Convex and Concave Functions¶
Definitions and Tests¶
- Define a convex function and a concave function using the formal definition involving a line segment.
- What is the relationship between a convex function \(f(x)\) and the function \(g(x) = -f(x)\)?
- State the Second Derivative Test for determining intervals of convexity and concavity.
- If the first derivative, \(f'(x)\), of a function is increasing over an interval \((a, b)\), what can you conclude about the convexity of \(f(x)\) on that interval?
- Show that \(f(x) = x^2\) is a strictly convex function on \(\mathbb{R}\) using the second derivative test.
- For \(x > 0\), determine if the function \(f(x) = \sqrt{x}\) is convex or concave. Justify your answer.
- Determine the intervals on which the function \(f(x) = x^3 - 3x^2 + 1\) is convex and concave.
- Find the intervals of convexity and concavity for the function \(f(x) = \frac{x}{x^2+1}\).
- Show that \(f(x) = \ln(x)\) is a strictly concave function for \(x > 0\).
- Analyze the convexity of the function \(f(x) = x e^{-x}\) for \(x \in \mathbb{R}\).
Point of Inflection and Applications¶
- What is a point of inflection? What condition must the second derivative typically satisfy at a point of inflection?
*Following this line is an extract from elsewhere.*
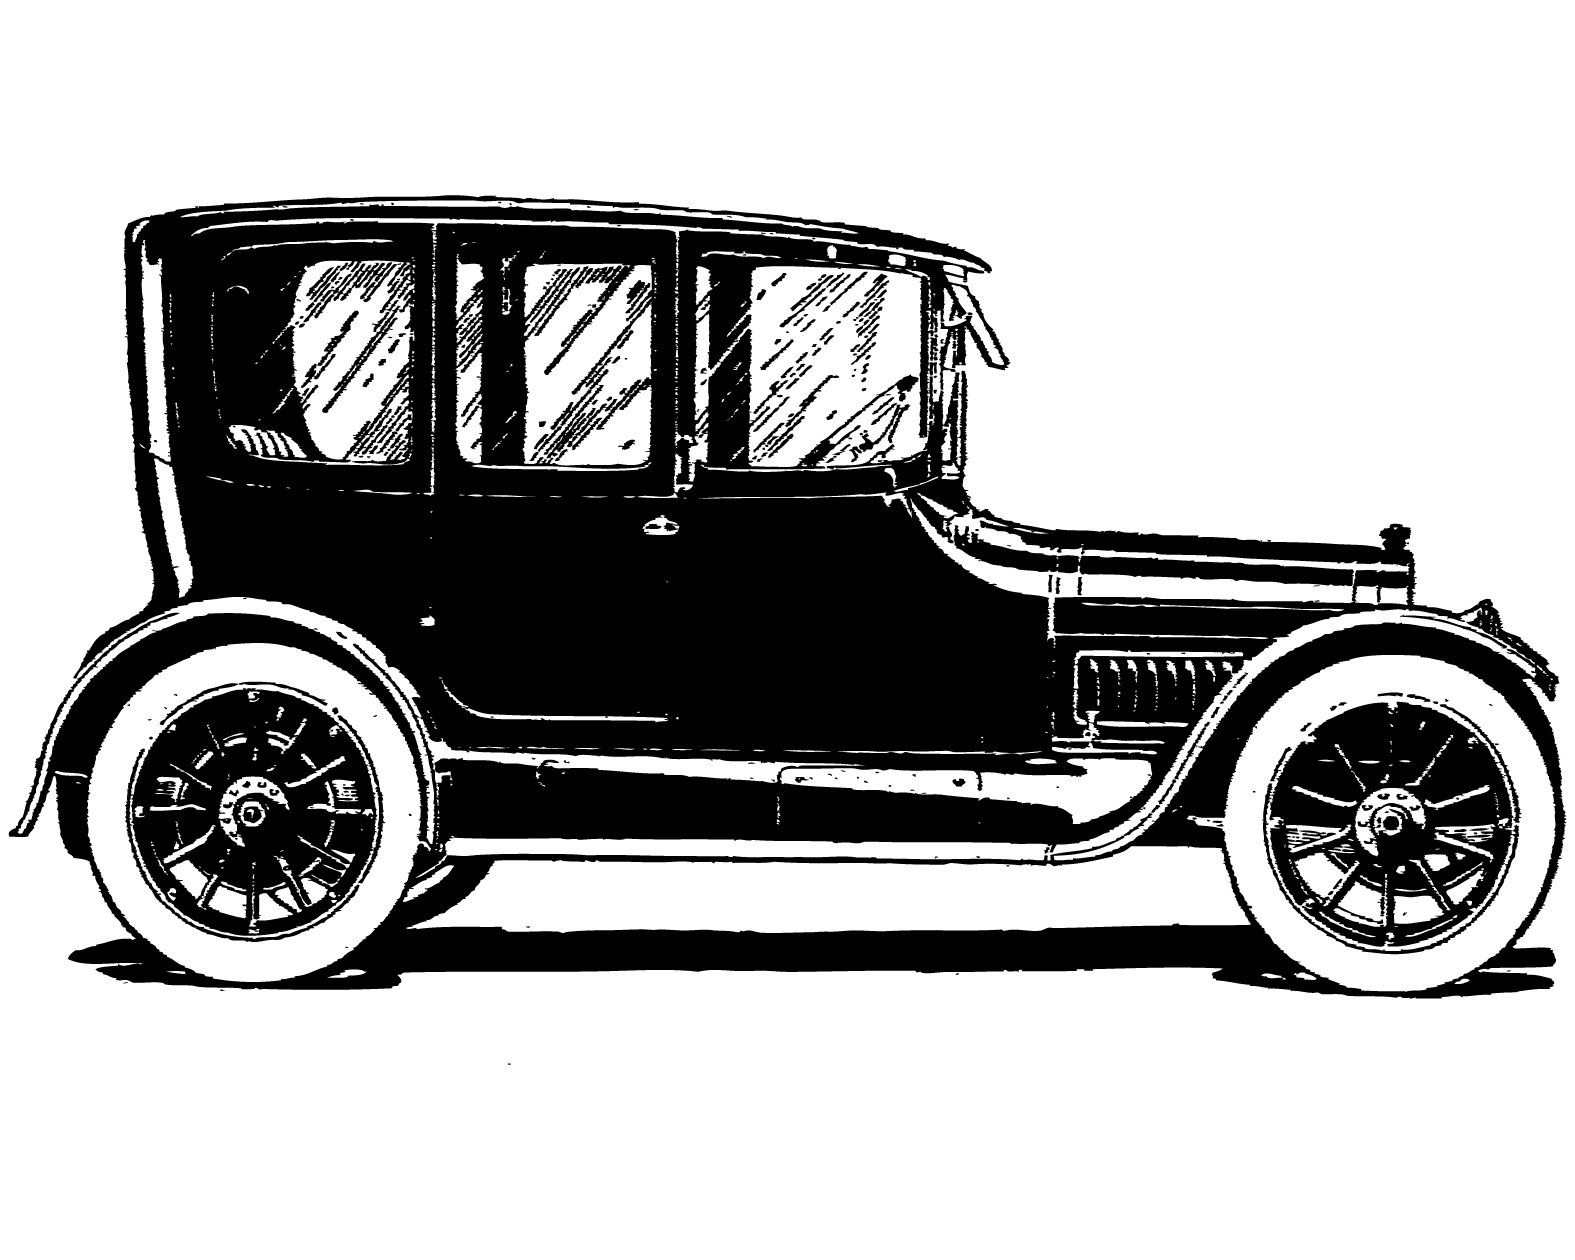 Free vintage clip art images september 2012 for Car carriage

- Find all points of inflection for the function \(f(x) = x^4 - 6x^2\).
- Find the point(s) of inflection for the function \(f(x) = (x-2)^3\).
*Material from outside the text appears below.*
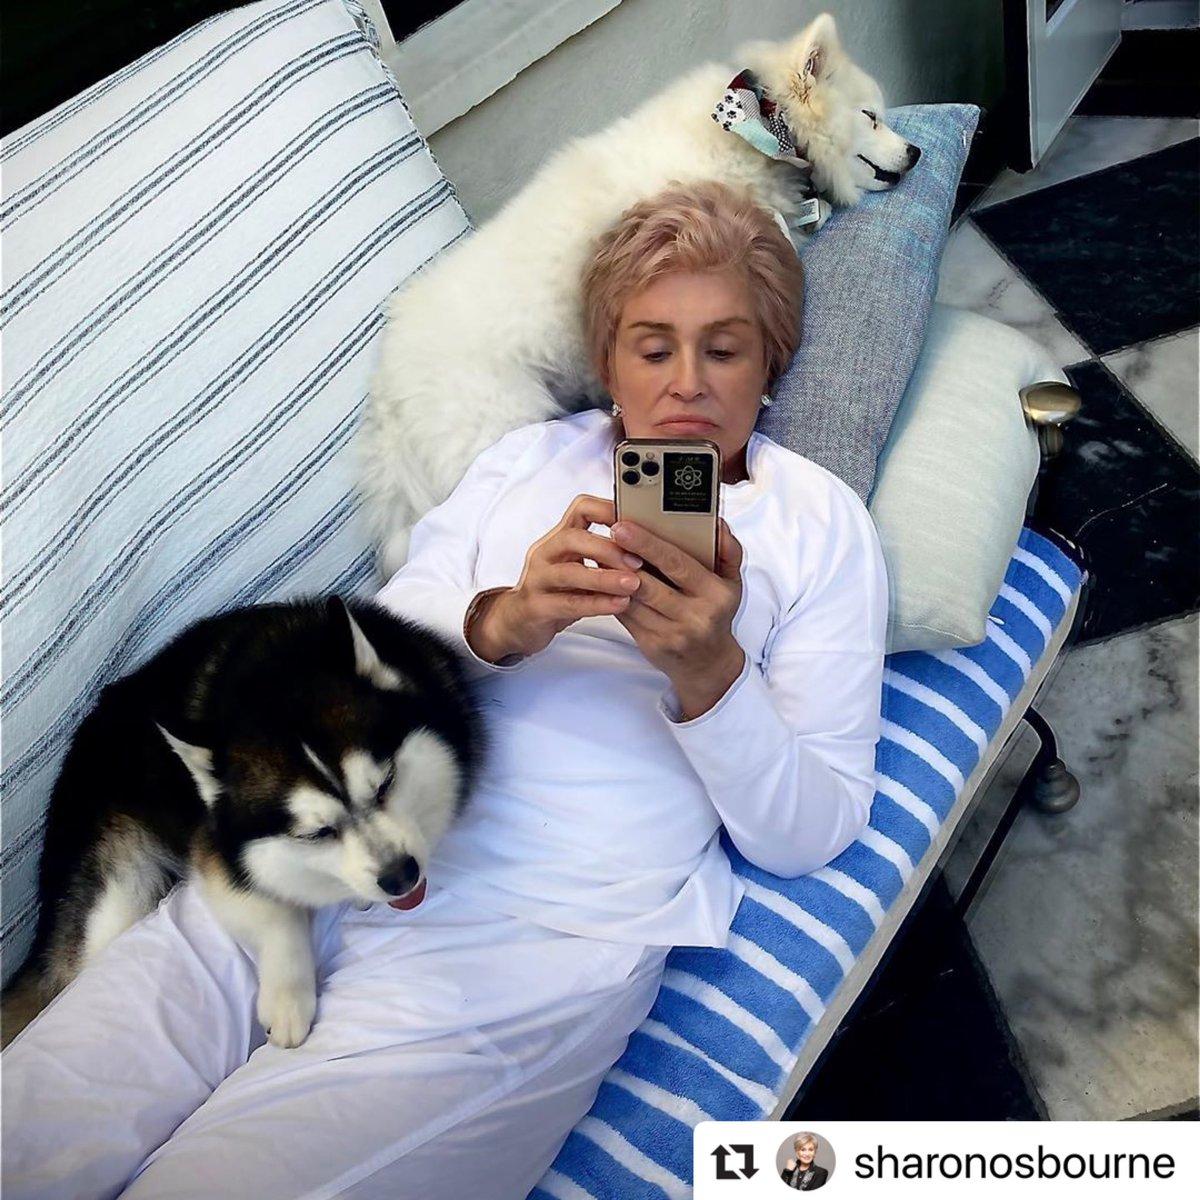 Summer has officially kicked off at the Osbourne household! #PuppyPower 🐶🐱 📷: @MrsSOsbourne https://t.co/U7kihtfg21

- Does the function \(f(x) = x^4\) have a point of inflection at \(x=0\)? Explain why or why not, considering \(f''(0) = 0\).
- Briefly explain the significance of convexity in optimization problems. For example, what does strict convexity of a function guarantee about a point where \(f'(c) = 0\)?